- [REQUIREMENT] Only a number is wanted here: how many lines in the entries below contain the word "Design".

- [RECORDS PROVIDED]

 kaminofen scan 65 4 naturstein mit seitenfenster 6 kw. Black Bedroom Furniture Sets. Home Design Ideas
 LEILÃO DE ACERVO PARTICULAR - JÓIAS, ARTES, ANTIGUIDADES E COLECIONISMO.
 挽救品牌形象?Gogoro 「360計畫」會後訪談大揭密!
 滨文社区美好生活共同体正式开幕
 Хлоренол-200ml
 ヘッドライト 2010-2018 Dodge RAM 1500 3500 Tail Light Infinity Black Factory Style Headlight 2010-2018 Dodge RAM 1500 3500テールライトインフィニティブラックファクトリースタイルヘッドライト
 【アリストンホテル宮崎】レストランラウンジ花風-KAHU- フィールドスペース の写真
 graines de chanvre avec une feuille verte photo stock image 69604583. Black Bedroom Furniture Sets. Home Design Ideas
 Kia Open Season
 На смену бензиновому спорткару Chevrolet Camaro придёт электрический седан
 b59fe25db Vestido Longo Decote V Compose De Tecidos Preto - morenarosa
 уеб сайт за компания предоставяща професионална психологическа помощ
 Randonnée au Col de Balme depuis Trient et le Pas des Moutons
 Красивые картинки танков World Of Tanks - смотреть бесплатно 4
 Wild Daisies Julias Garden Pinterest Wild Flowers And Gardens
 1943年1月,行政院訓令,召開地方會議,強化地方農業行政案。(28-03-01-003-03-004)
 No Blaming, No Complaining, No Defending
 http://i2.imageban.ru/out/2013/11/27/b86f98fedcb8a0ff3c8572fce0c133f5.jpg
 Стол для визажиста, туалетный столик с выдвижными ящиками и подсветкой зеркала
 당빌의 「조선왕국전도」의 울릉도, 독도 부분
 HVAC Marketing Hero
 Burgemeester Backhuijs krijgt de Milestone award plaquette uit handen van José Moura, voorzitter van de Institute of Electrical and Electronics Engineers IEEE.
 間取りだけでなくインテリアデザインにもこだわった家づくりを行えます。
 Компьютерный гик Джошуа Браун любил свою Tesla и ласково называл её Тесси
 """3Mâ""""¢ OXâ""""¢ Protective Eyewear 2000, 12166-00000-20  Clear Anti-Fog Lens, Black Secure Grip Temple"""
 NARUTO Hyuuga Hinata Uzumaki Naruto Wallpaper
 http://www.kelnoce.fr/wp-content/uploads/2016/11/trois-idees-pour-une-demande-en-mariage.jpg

- [OUTPUT FOR THIS EXERCISE] 2